Despite of how similar they seem at first glance - the two systems don't mix. Oil & water.

If you use them as-is, the Pathfinder character would slaughter any 5e character after the first few levels because their bonuses are so much higher.

The most you could reasonably do to mix them is to use the vibe of various Pathfinder abilities to try to homebrew D&D 5e feats & spells - but they would have to be redesigned rather than being lifted from Pathfinder as-is.This pretty much sums it up.

exelsisxax
2019-11-20, 09:46 PM
I don't think it would be hard to make a level 10 PF character that can win a fight against a 4-man 5e party at level 20. Combining the systems is always a very bad thing to do that will cause massive problems with even the slightest bit of pressure.

Altair_the_Vexed
2019-11-21, 04:07 AM
We did a couple of one-off adventures like this, where the GM asked us to bring our most powerful characters, regardless of system.
We then had an elder Vampire from V:TM, a 16th level wizard from 1st ed AD&D, a 36th level Cleric from BECMI D&D, and a cybered-up Solo from Cyberpunk. In space. Now I think about there may even have been someone playing a Starfleet Captain from one of the Star Trek games - counting their Galaxy-class star ship as "equipment".
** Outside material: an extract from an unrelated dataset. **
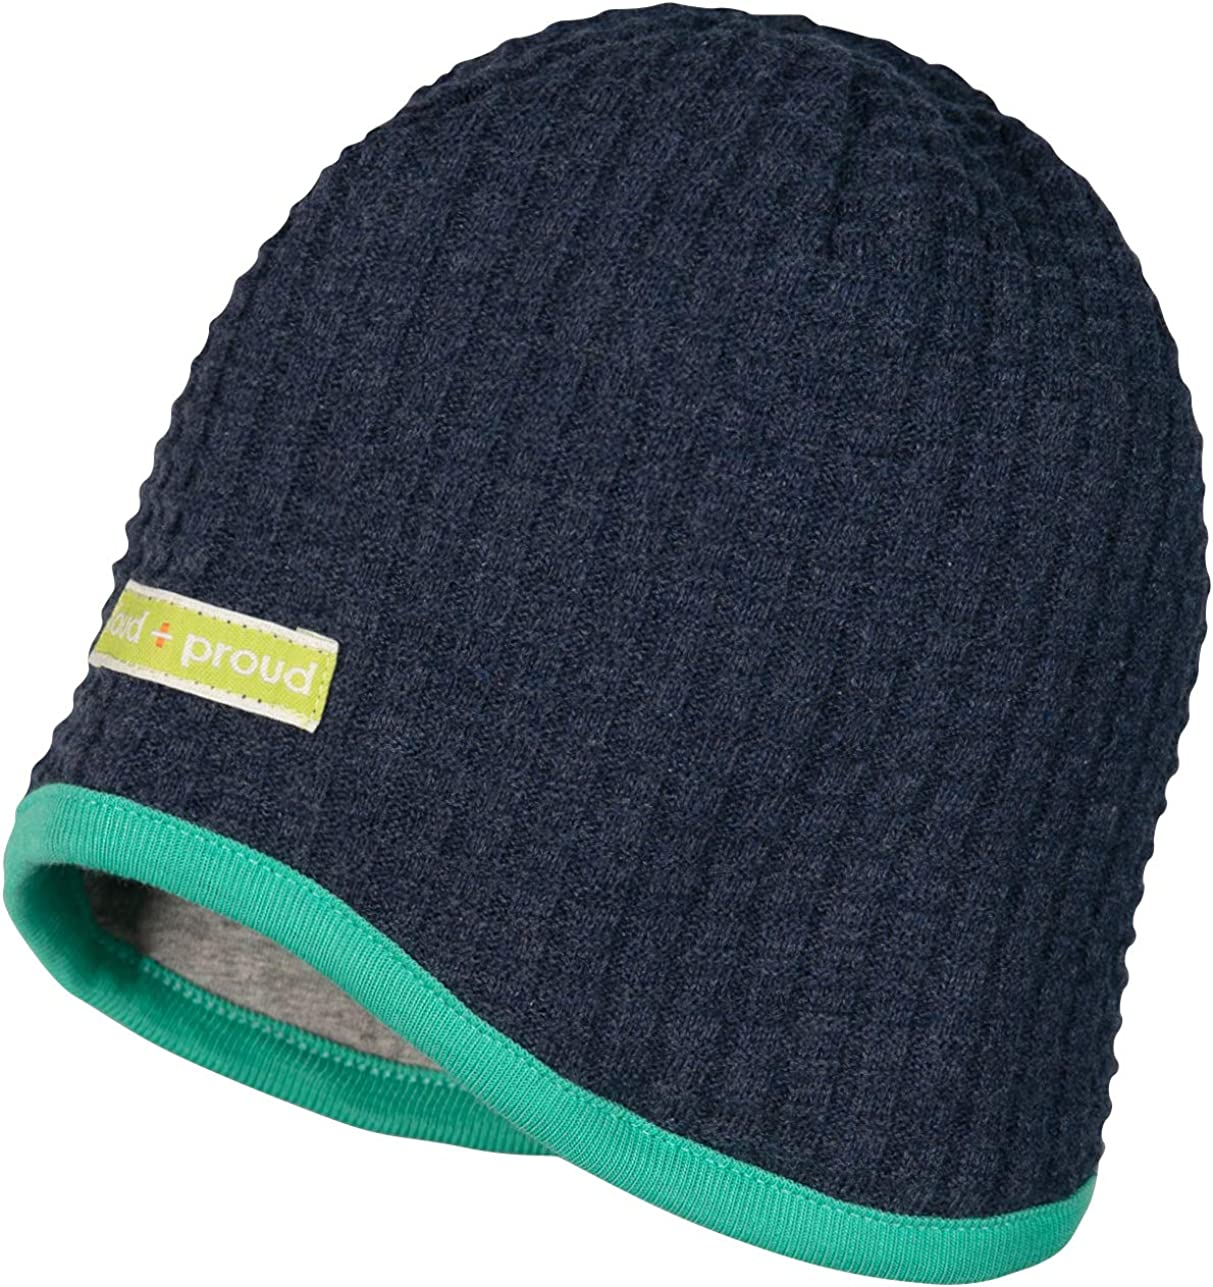 Loud Proud Wendem/ütze Strick Aus Bio Baumwolle Gots Zertifiziert Bonnet Mixte b/éb/é

We each played our characters using our own game rules, and the GM translated between them. We were all familiar with the other rule sets, so we had a handle on how things worked.
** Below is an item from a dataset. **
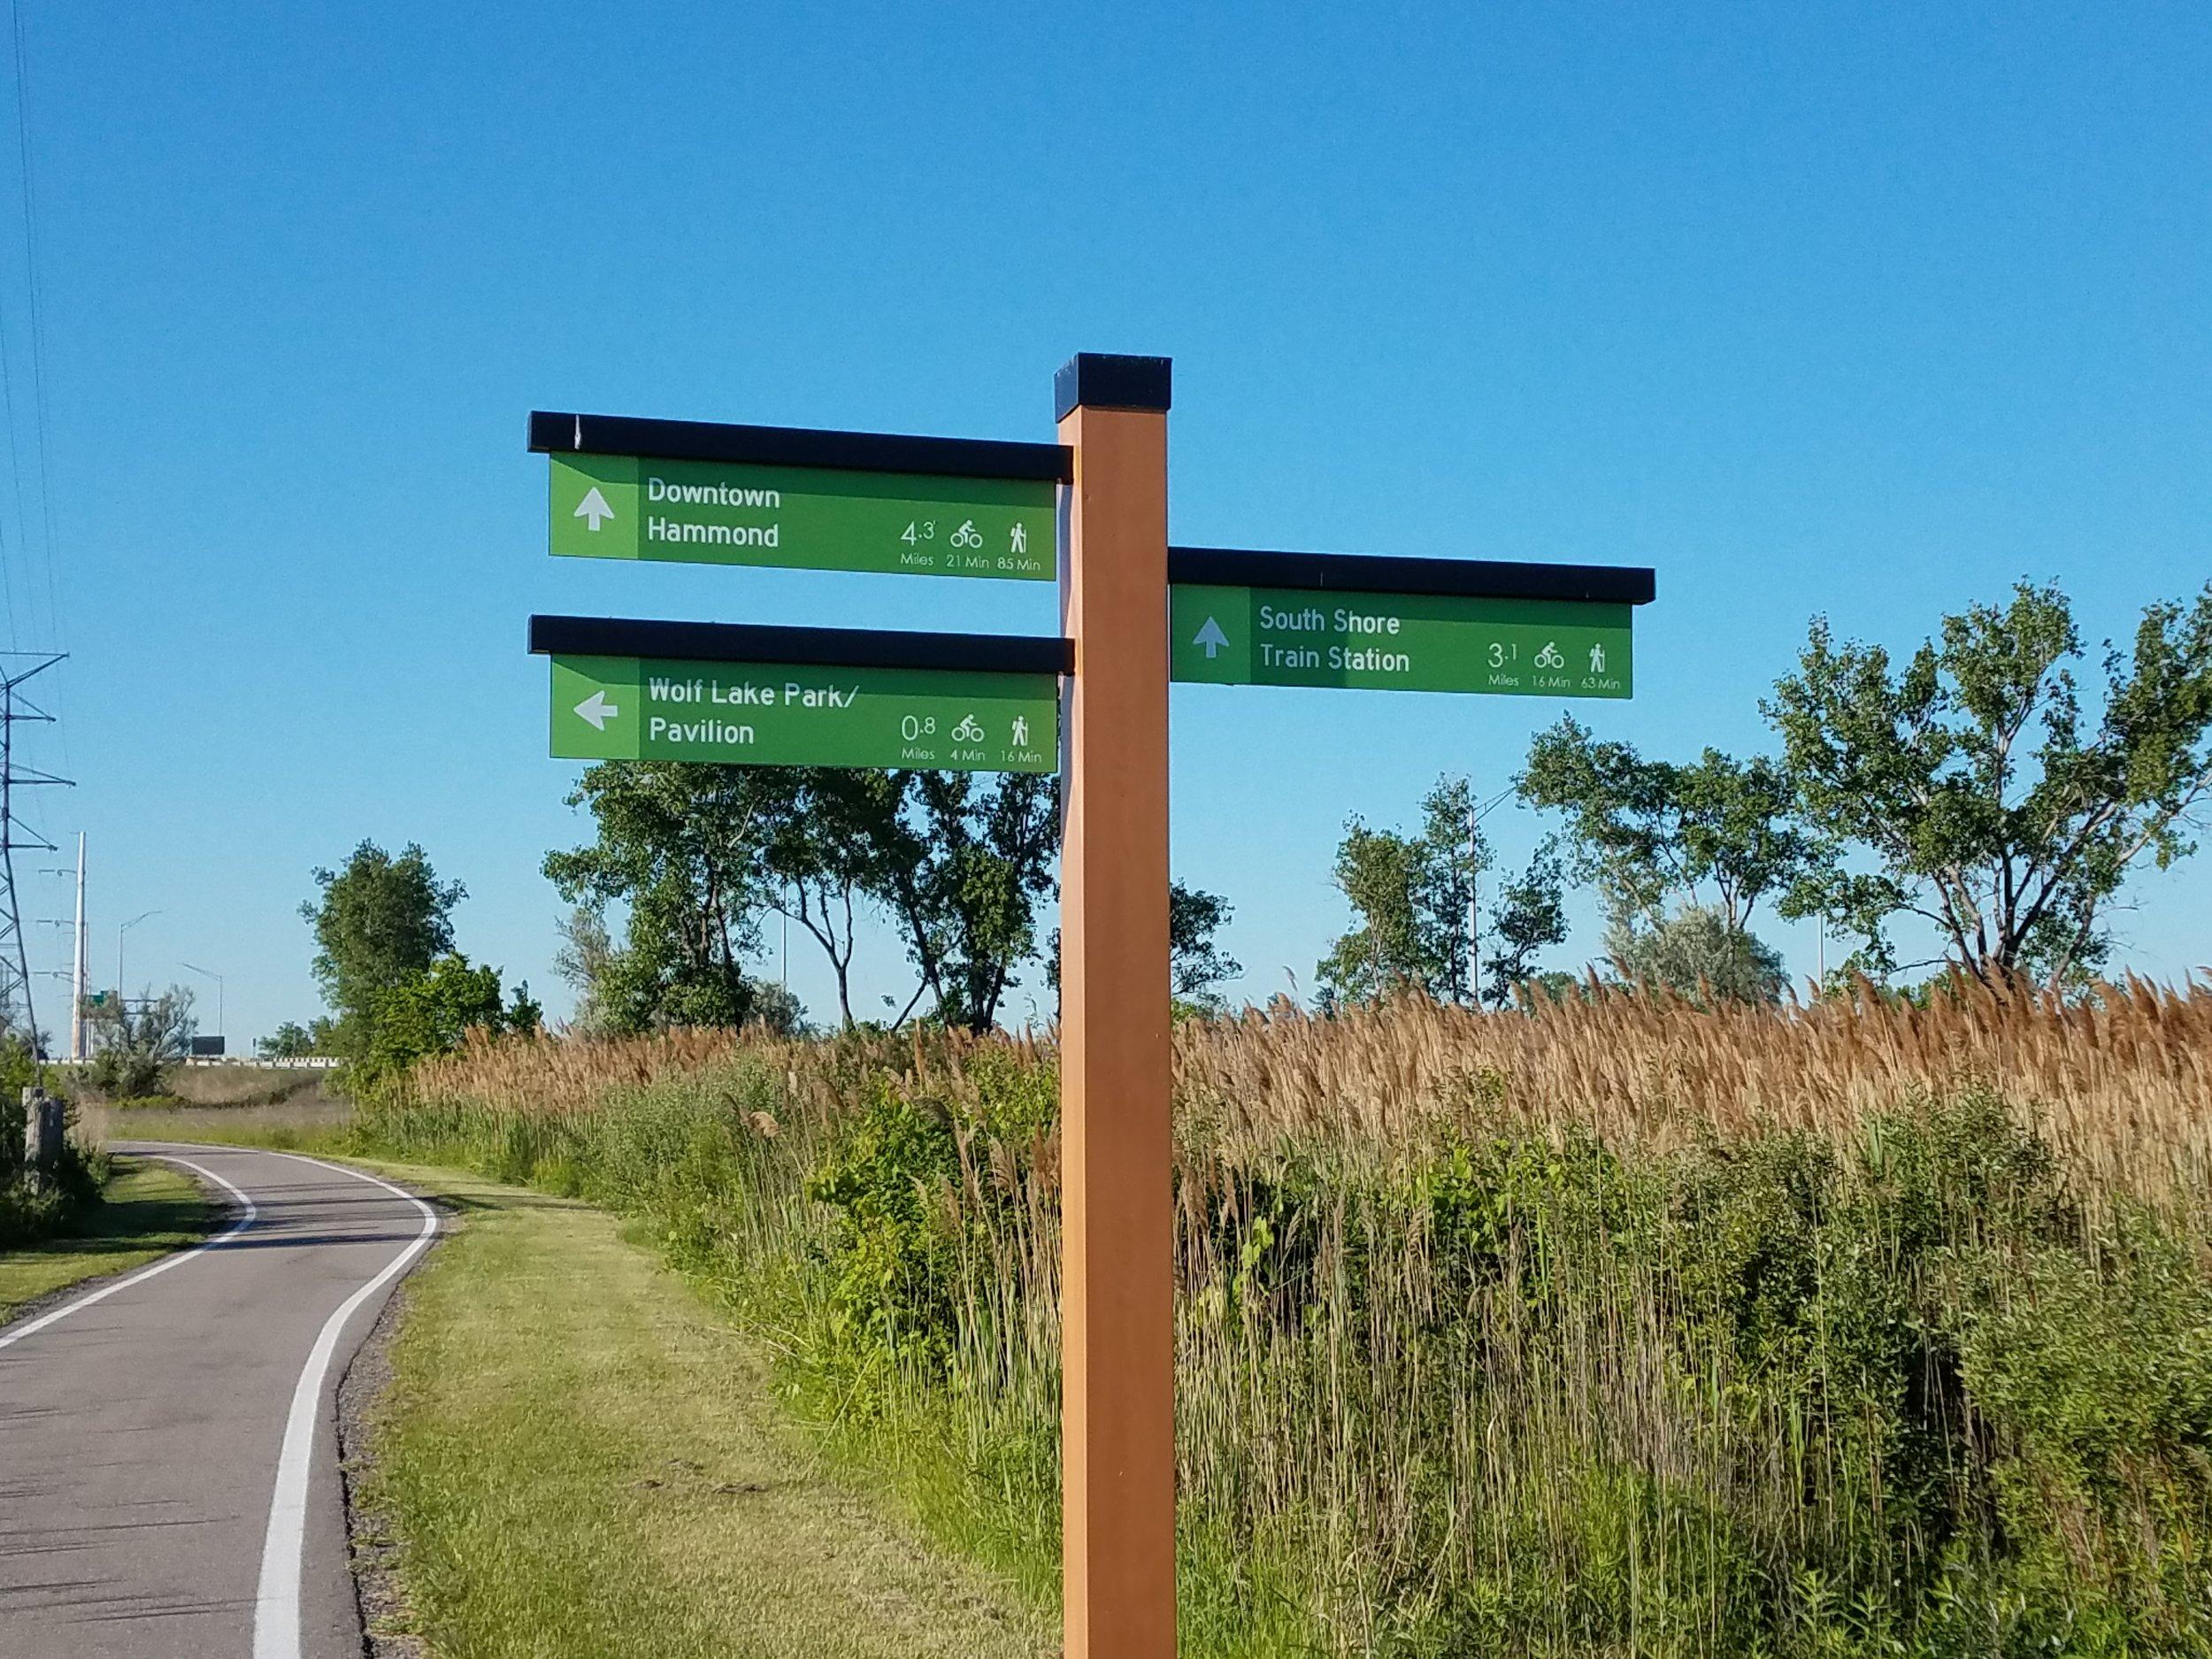 2018-06-005 - Hammond Trail Mileage  Markers - Hammond, Indiana.jpg

It was kind of silly fun, but it must have been a hell of a lot of work for the GM, mashing those systems together.

Aotrs Commander
2019-11-21, 05:54 AM
I don't think it would be hard to make a level 10 PF character that can win a fight against a 4-man 5e party at level 20. Combining the systems is always a very bad thing to do that will cause massive problems with even the slightest bit of pressure.

Realtively low-level Shock Trooper Barb/Fighter could probably do it fairly easily in 3.5, on damage output alone.